Pod koniec marca (dokładnie 27-go) ukazują się dwie płyty na których Pati Yang umieściła swoje nagrania. Jej solowy album „Faith, Hope And Fury”oraz składanka „Dzień kobiet - Muzyka jest z Wenus” Na niej znajdzie się utwór FlyKKiller – „B. Murphy”. Kompilacja ta ukaże się dopiero za trzy tygodnie, ale w klubie XIII Muz Pati wraz ze swym zespołem stawiła się właśnie dokładnie 8 marca
Koncert rozpoczął się od utworów już dobrze znanych fanom jej dokonań. „Flykkliller”, „Peroxide”, „Shine Out”oraz „Fear”, które kolejno zostały zaprezentowane przez trzyosobowy skład to kompozycje z albumu „Experiments In Violent Light” wydanwgo w ubiegłym roku w Polsce. Tym razem obeszło się bez eksperymentów ze światłem. Scena była „pogrążona” w równomiernym blasku jarzeniówek. Natomiast Pati (czyli Patrycja Grzymałkiewicz-Hilton) odziana w białą, postrzępioną szatę z czerwonym napisem „My Cult”już od pierwszych dźwięków zaczęła swój taniec z mikrofonem. Właściwie podczas trwania numerów nie spoczęła ani na chwilę, wciąż skacząc i poruszając rękoma oraz głową. W przerwach zapowiadała utwory i wymieniała opinie z pierwszymi rzędami widzów. Powiedziała, że choć nowy jej album jest wydawnictwem solowym to postanowiła na koncertach grać te kawałki z projektem FlyKKiller. Przykładem na to były numery –„Human” i „Over”. Poznaliśmy też zupełnie nową kompozycję FlyKKillera – „Slave”. Pati stwierdziła, że nawet na próbie nie była grana dotąd w całości. Mąż Patrycji , grający na gitarze i „odpalający” elektronikę – Stephen Hilton był zdecydowanie bardziej statyczny niż jego partnerka, która w kilku momentach wspomagała też perkusistę uderzając pałką w talerze. W sumie podczas godzinnego występu zabrzmiało jedenaście tracków , więc nie był to długi, ale dla filigranowej, pełnej energii vocalistki na pewno intensywny show.

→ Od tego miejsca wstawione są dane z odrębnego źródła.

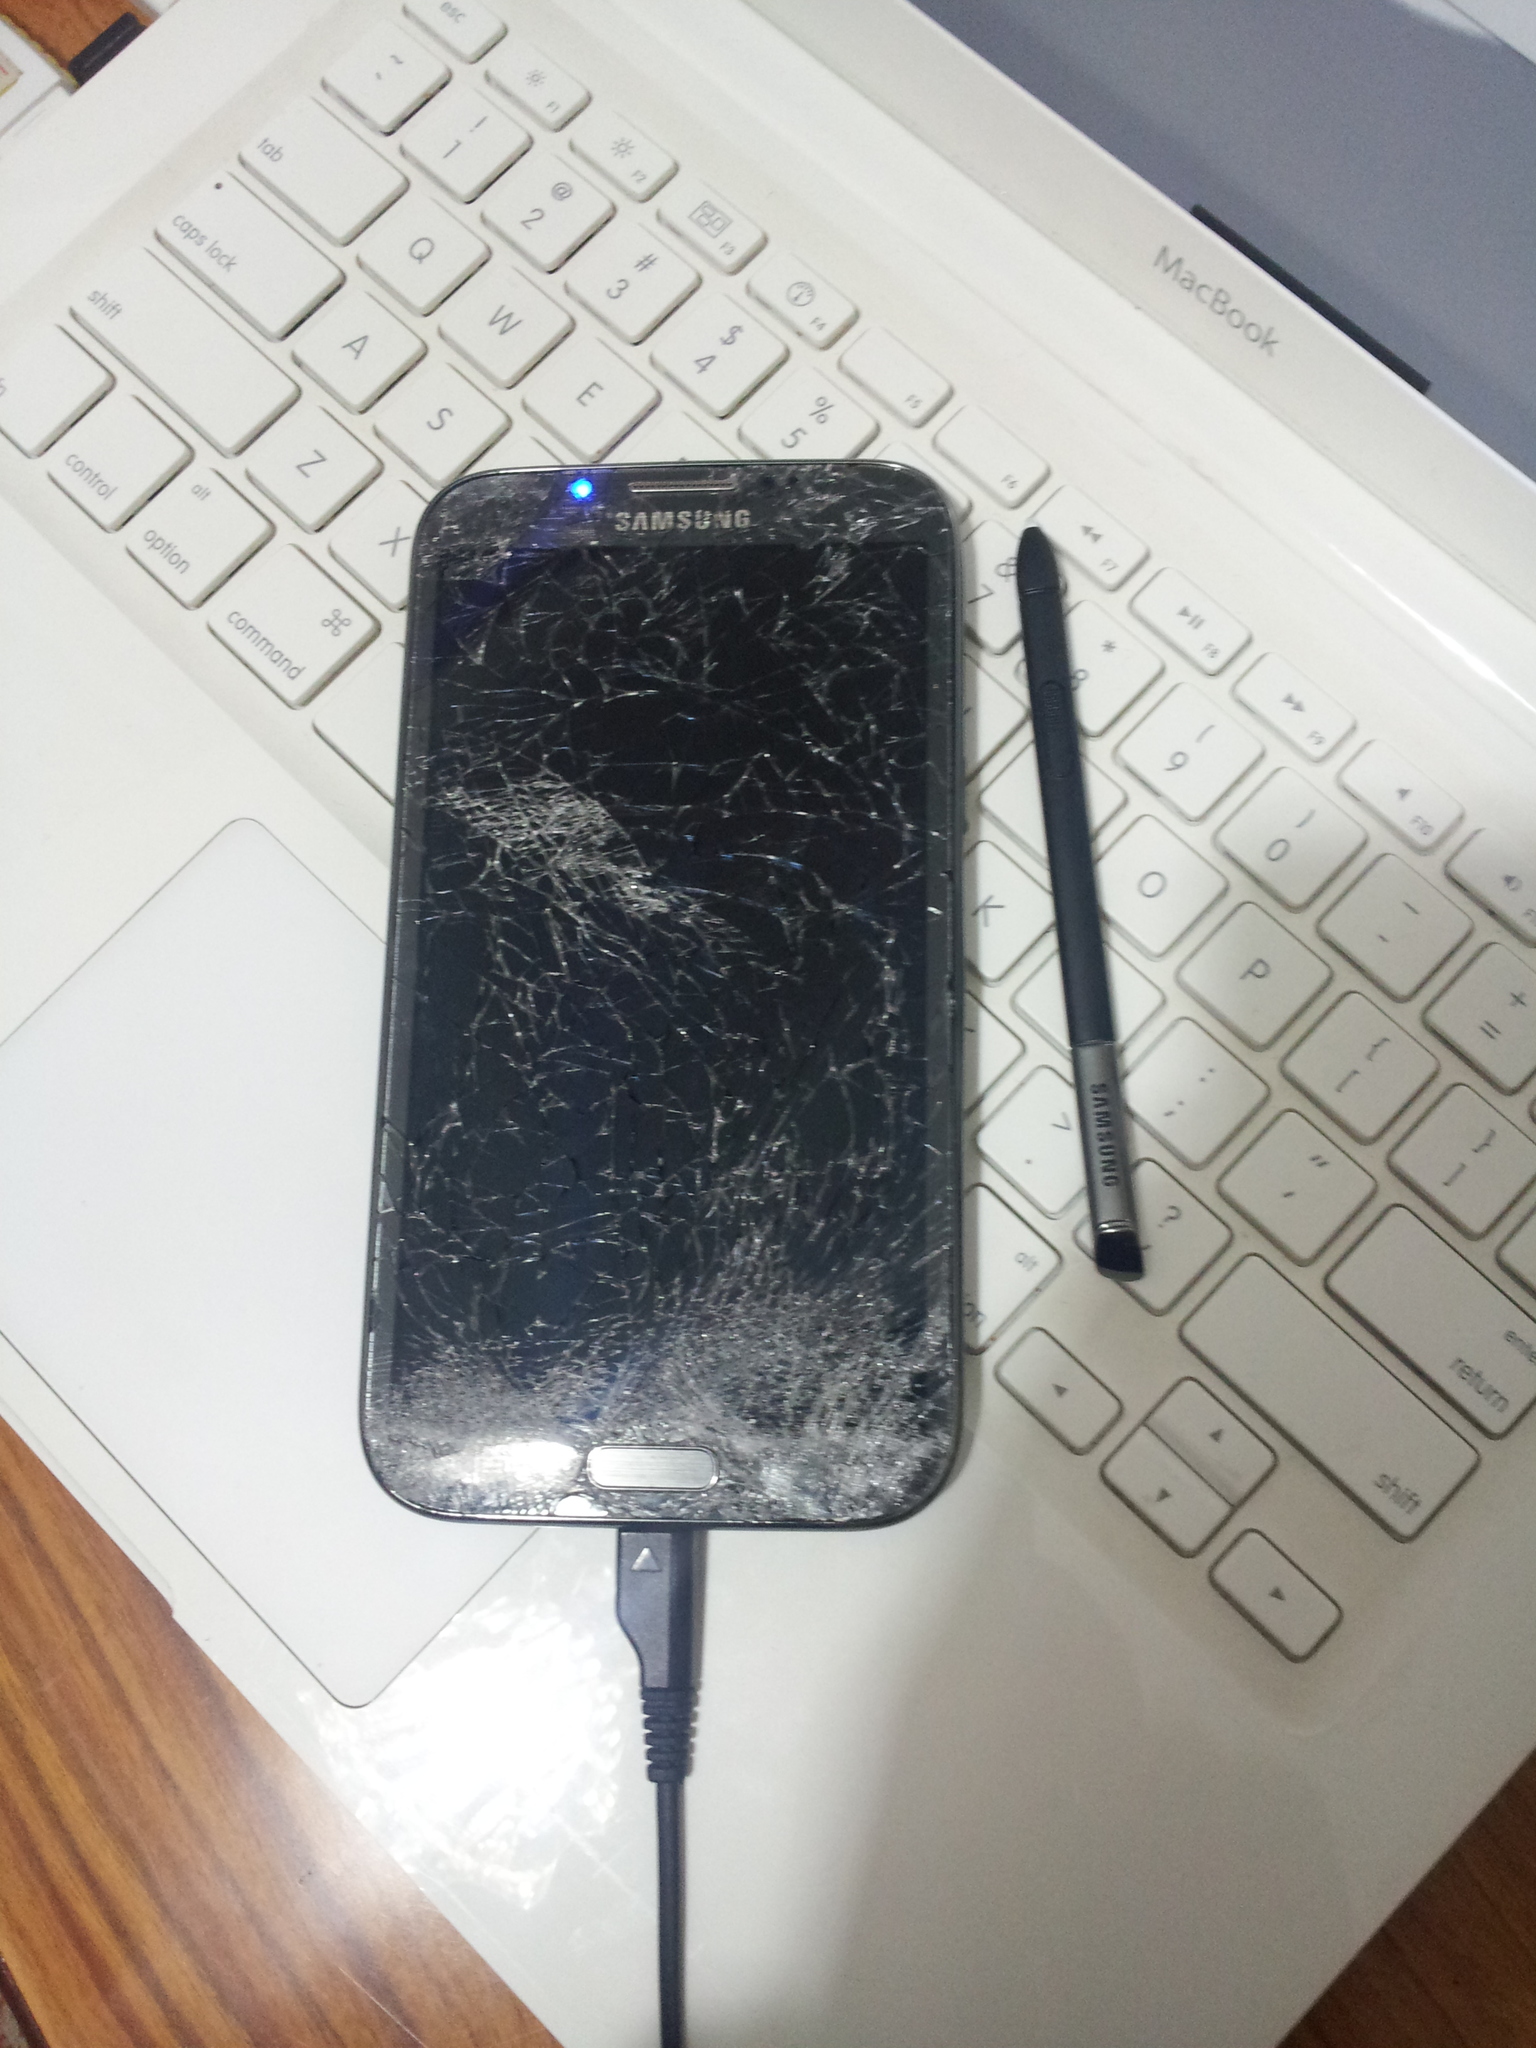  Samsung Note 2 Ekran kırık 400TL
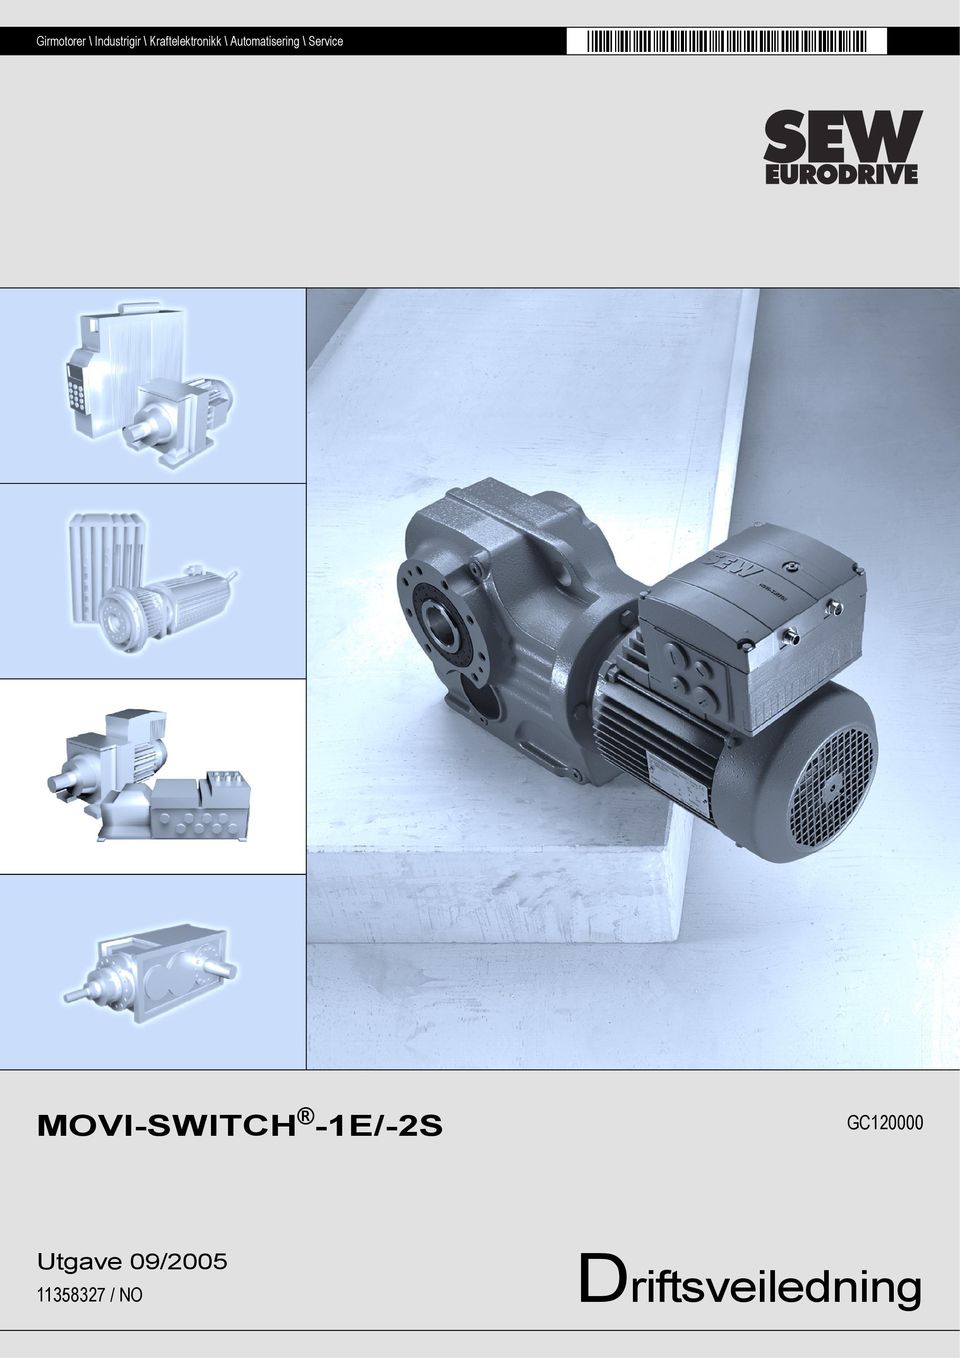 \ MOVI-SWITCH -1E/-2S GC120000

Jako ostatni został wykonany numer będący kolejnym owocem kolaboracji artystki ze światem kina (pisała muzykę m.in. do obrazów ”Buffalo Soldiers” czy „Code 46”) Był nim „Cherrybomb” z repertuaru The Runaways, który znalazł się na soundtracku do filmu pod tym samym tytułem, pokazanym na tegorocznym festiwalu w Berlinie.